To identify which DOF contribute to each PC mode (Fig. 4), the area defined between the synthesized kinematic +/1 STD, (i.e. mode 1, mode 2, etc.…) (red and blue area Fig. 2) and the mean curve (solid black line) during the entire stance phase was used. To identify primary kinematics variations in healthy and knee OA populations and determine if these variations are unique to each population, the contribution of the kinematics was determined based on the variation throughout the whole stance phase, rather than solely during Peak 1 and Peak 2 of knee joint contact forces.
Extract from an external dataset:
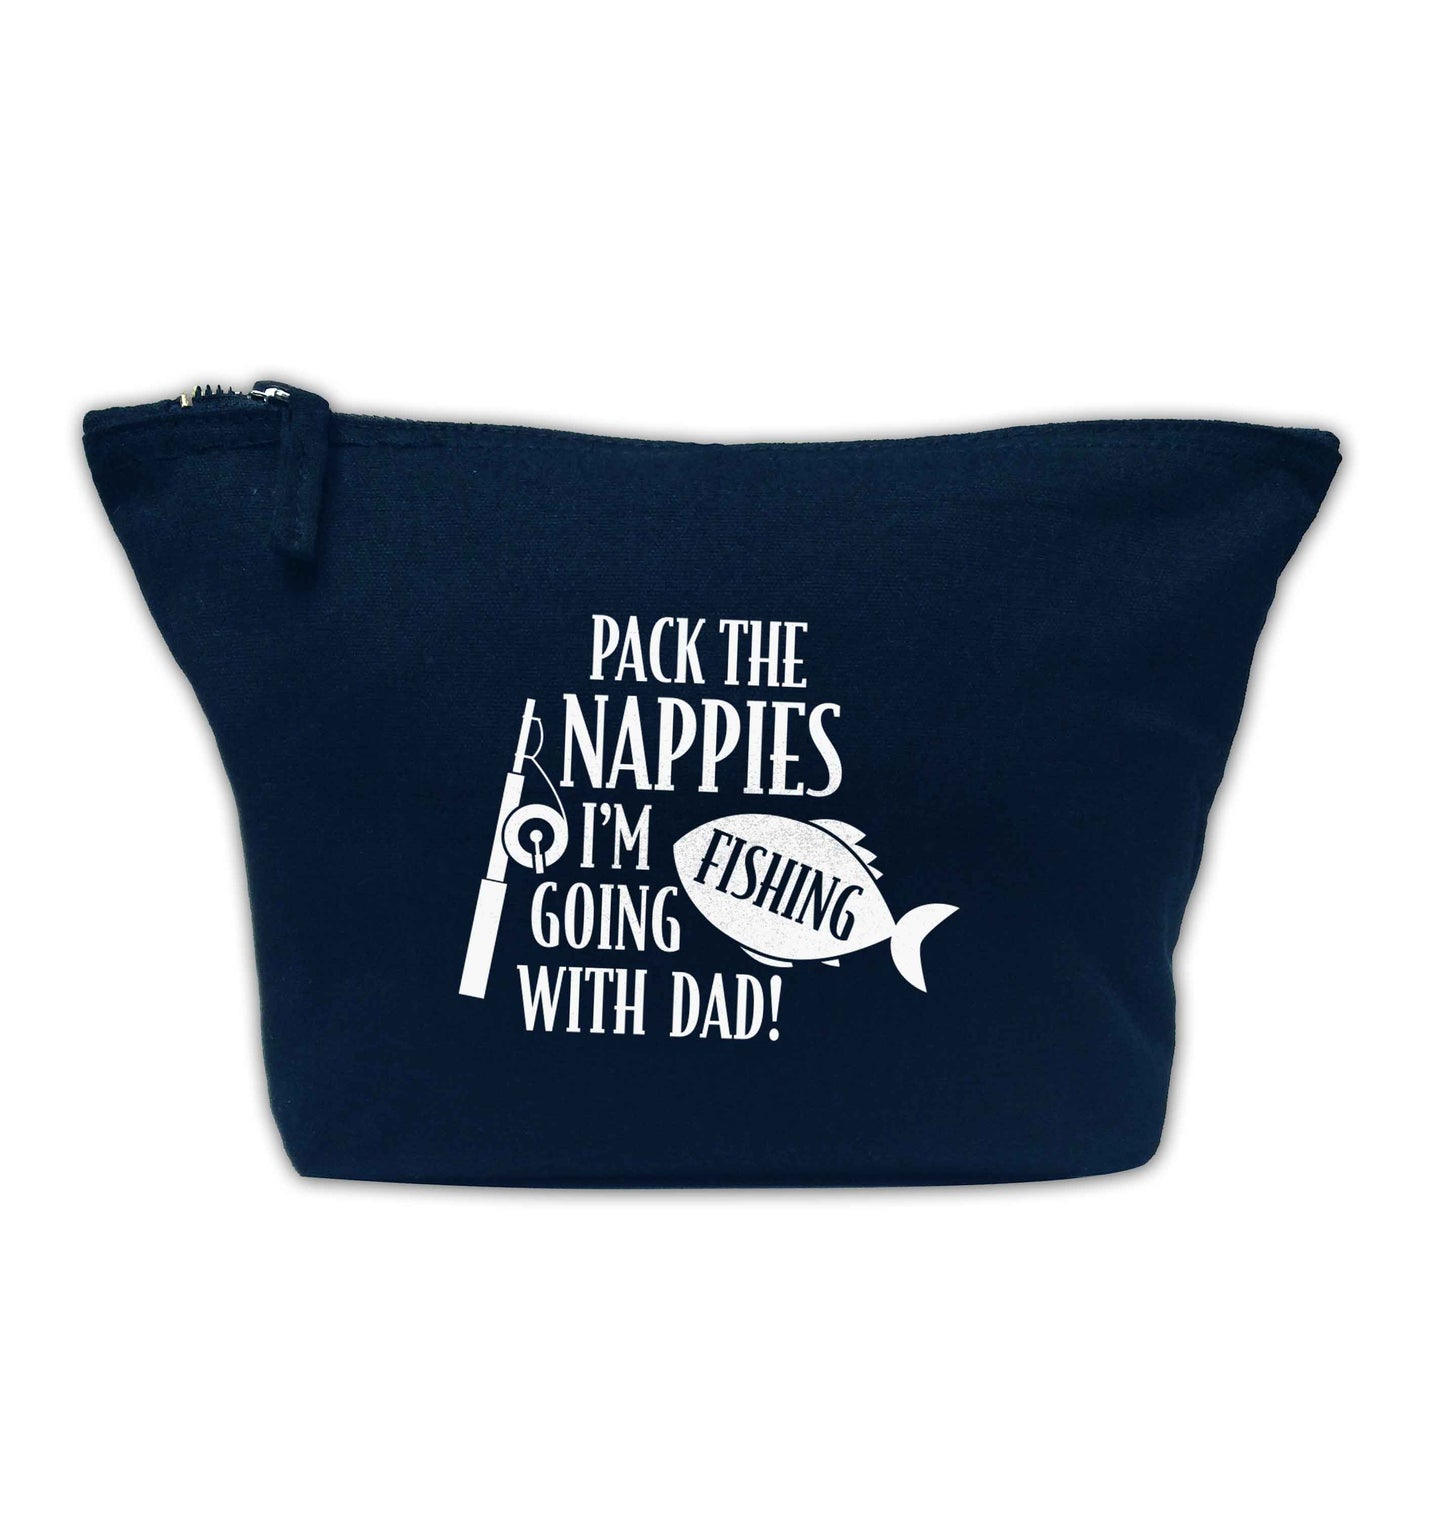 Pack the nappies I'm going fishing with Dad navy makeup bag

Despite kinematic variation being examined across the entire stance phase, only two instants of contact forces were considered, as known differences between KOA and HS have been reported in literature62. These peaks offer essential insights into the maximum loading during loading response and pre-swing stance phases. While this approach seemingly creates a discrepancy in the data analysis, by imposing the PCA-derived kinematics over the entire stance phase, we ensure imposing continuous changes in gait cycle kinematics and dynamics. Consequently, the impact of the kinematic changes on the knee loading was evaluated based on the contribution value of the joints defined in Fig. 4. Furthermore, in the context of potential applications for gait retraining, it is essential to consider the joint variations at both peaks as well as the entire stance phase, to enforce continuity. This approach should permit considering all potential combinations of the degrees of freedom (DOFs) during the retraining session.